#Chapitre 32

- C'est ton rendez-vous avec Mathias qui te met dans cet état ? se moque Ania, allongé sur mon lit.

Sa voix me ramène à moi et je remarque que je tapais du bout des doigts sur mon bureau. Confuse, je bafouille quelques excuses avant de replonger mon nez dans mon devoir d'économie, bien décidée à profiter des vacances pour avancer mes devoirs et rattraper les cours qu'il me manque encore. La journaliste, dans toute sa bonté, m'a proposé son aide pour cette matière. C'est pourquoi nous nous sommes installées dans ma chambre pour travailler les premiers chapitres que j'ai ratés.

- Alors ? me relance-t-elle. Tu es tout excitée ?

- Hein ? De quoi tu parles ?

- De Mathias ! Il te plaît ?

- Tu cherches toujours à trouver l'homme de ma vie ? répliqué-je, moqueuse, sans répondre.

Elle retire son crayon de sa bouche pour afficher un air d'évidence.

- Bah ouais ! Au milieu de tout ce bazar, ça fait du bien de se préoccuper de vrais problèmes existentiels comme n'importe quelles filles normales. Alors ?

Je soupire, convaincue qu'elle ne lâchera pas la faire.

- Non, ce n'est pas de le voir qui me rend si tendue, mais plutôt ce qu'il a nous apprendre.

- Pffff... tu es d'un rabat-joie comme fille ! râle-t-elle avant de revenir à notre cours d'économie : Explique-moi donc la théorie des avantages comparatifs de Ricardo.

- Euhhhh...

Avec difficulté, je réponds à sa requête en mobilisant mes souvenirs. Ma réponse est maladroite, mais dans l'ensemble, j'ai compris. Toutefois, Ania me précise le concept pour parfaire mes connaissances. Elle poursuit sa leçon, bourrant mon crâne d'une foule d'informations indigestes. Cependant, elle se déconcentre très vite de notre sujet principal.

- Pourquoi tu n'es pas rentré chez toi ? me demande-t-elle, un brin mal à l'aise par sa question.

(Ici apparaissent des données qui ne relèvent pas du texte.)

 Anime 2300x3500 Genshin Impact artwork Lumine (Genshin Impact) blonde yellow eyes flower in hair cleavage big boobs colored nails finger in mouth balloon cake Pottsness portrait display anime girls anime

Si ce n'est pas indiscret...

- Mon père travaille, expliqué-je, évasive. Comme c'est ma seule famille, je n'ai pas grand intérêt à passer mes vacances en Bretagne. Puis l'idée de me savoir seule lui déplaît.

Elle hoche la tête. Gênée, elle replonge la tête dans son bouquin d'économie, mais je lui retourne sa question. Aussitôt, son trouble s'accentue encore un peu, bien qu'elle fasse un effort pour m'apporter une réponse.

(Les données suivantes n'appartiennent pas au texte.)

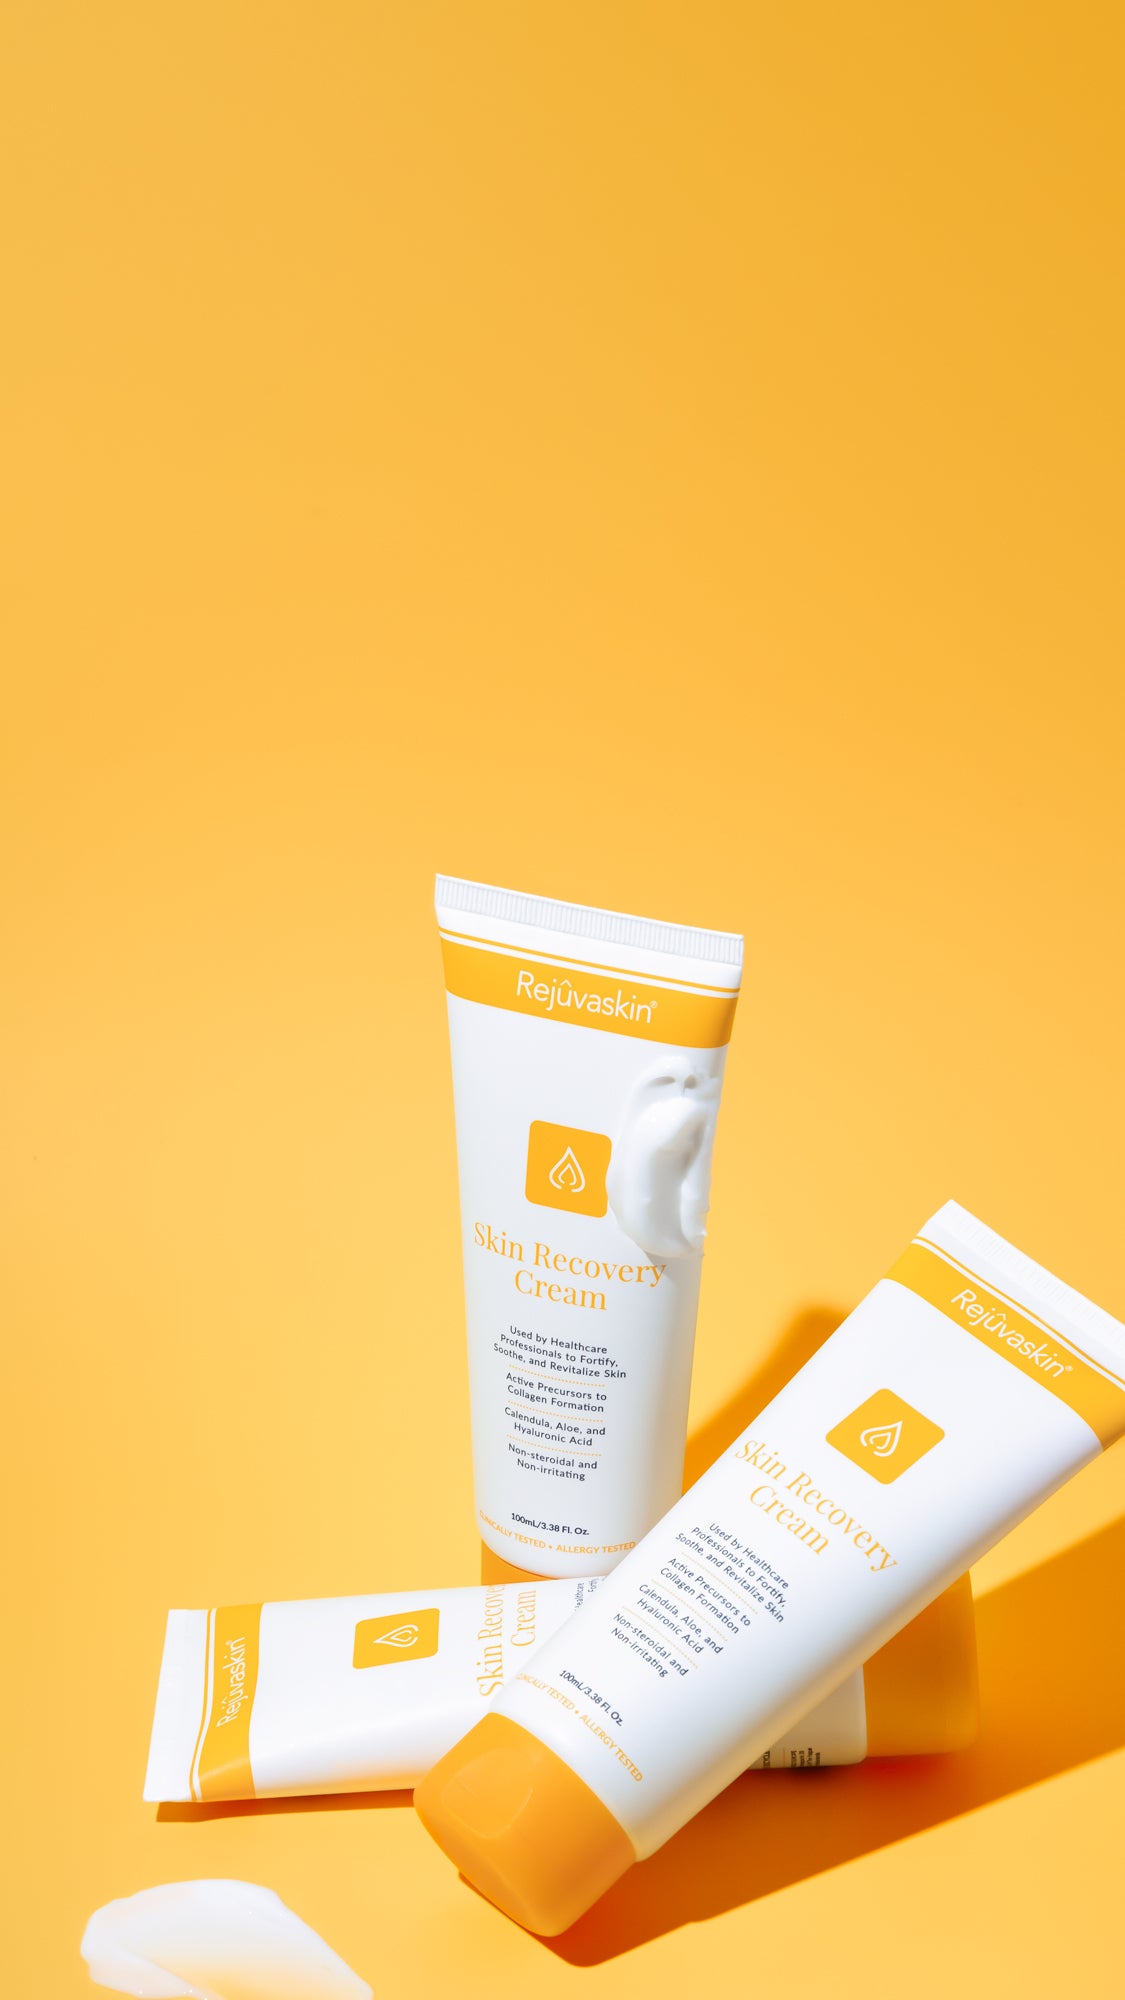 Buy 2, Get 3rd FREE Skin Recovery Cream

- Depuis deux ans, Leander et moi avons décidé de ne plus voir nos parents alors nous passons toute l'année au Neuf Muses. Au début, on se sentait un peu seuls, mais on s'y habitue. Au bout d'un moment, ce calme permanent nous devient même agréable.

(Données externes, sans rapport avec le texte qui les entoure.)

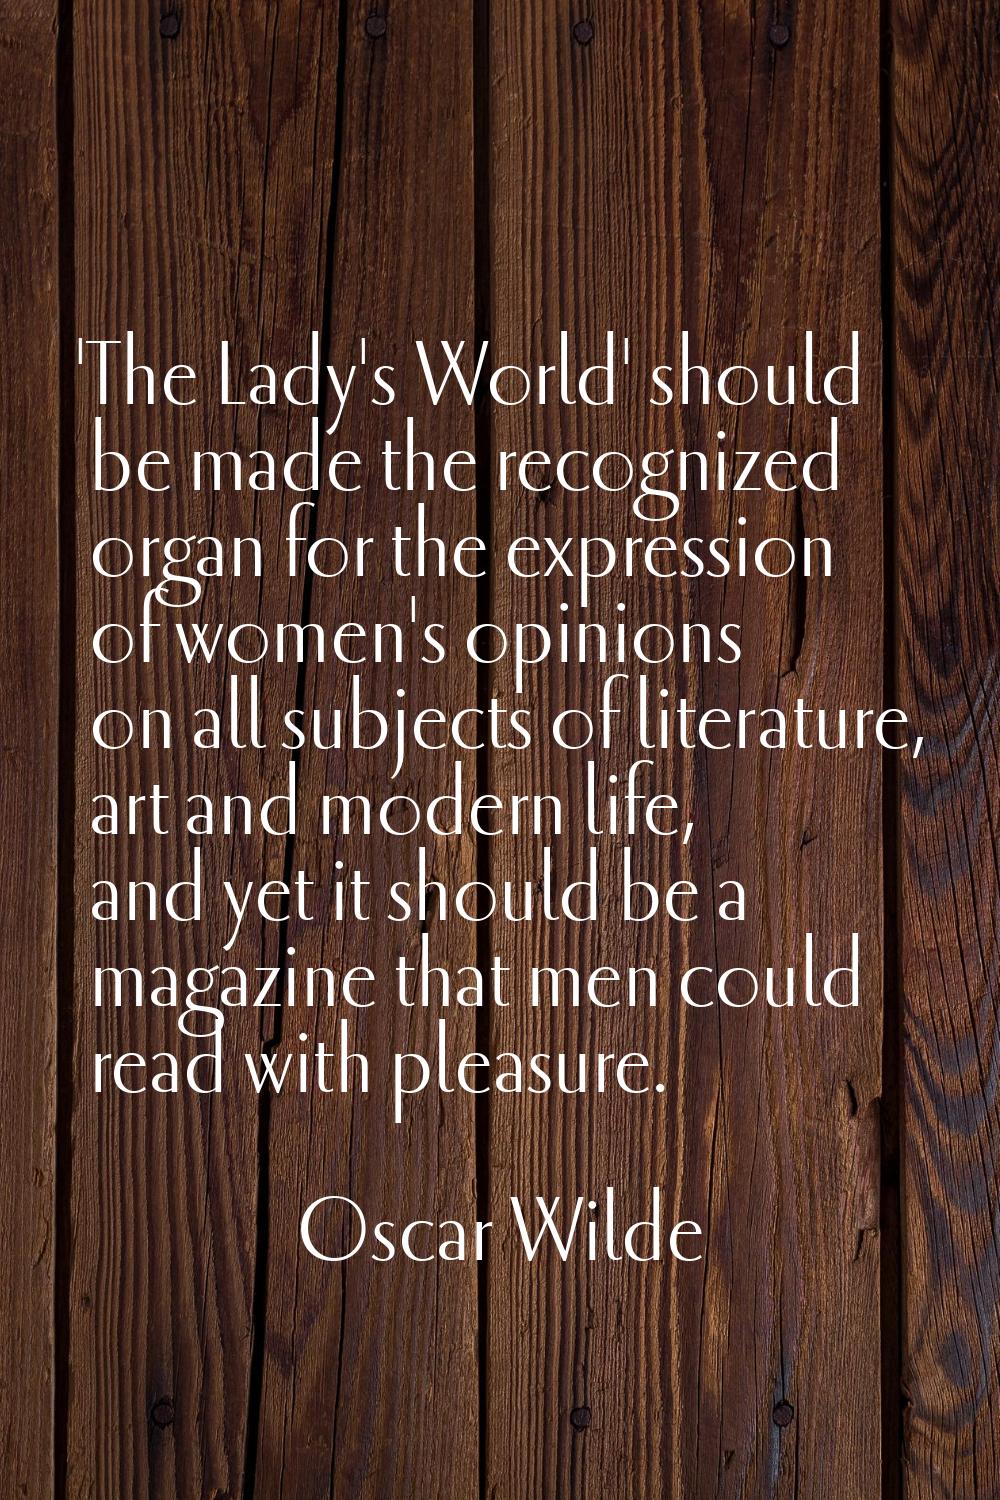 'The Lady's World' should be made the recognized organ for the expression of women's opinions on al

Elle marque un temps d'arrêt. Pendant ce temps, je n'ajoute rien même si je ne suis guère plus éclairée, une foule d'interrogations perlant dans ma tête. Ania soupire, puis comme si elle avait besoin de parler, vide tout à coup son sac.

- Cela faisait trois ans que leur couple battait de l'aile. Ils ont fait des efforts car ils voulaient préserver notre famille, mais cela n'a fait que détruire d'autant plus leur relation. Ils ont tenu un peu plus de six mois comme ça, mais ils en sont venus à se haïr. Chaque occasion était saisie pour emmerder l'autre alors ils ont vite demandé le divorce. Mais cela à poser le problème de la garde : chez qui allions nous vivre ? Toujours dans leur petite guéguerre puérile, nous sommes devenus leur arme de choix pour se blesser. On a eu marre alors on a décidé que tant qu'ils ne mettaient pas un terme à leur conflit, nous ne verrions plus ni l'un ni l'autre pour ne pas faire de jaloux.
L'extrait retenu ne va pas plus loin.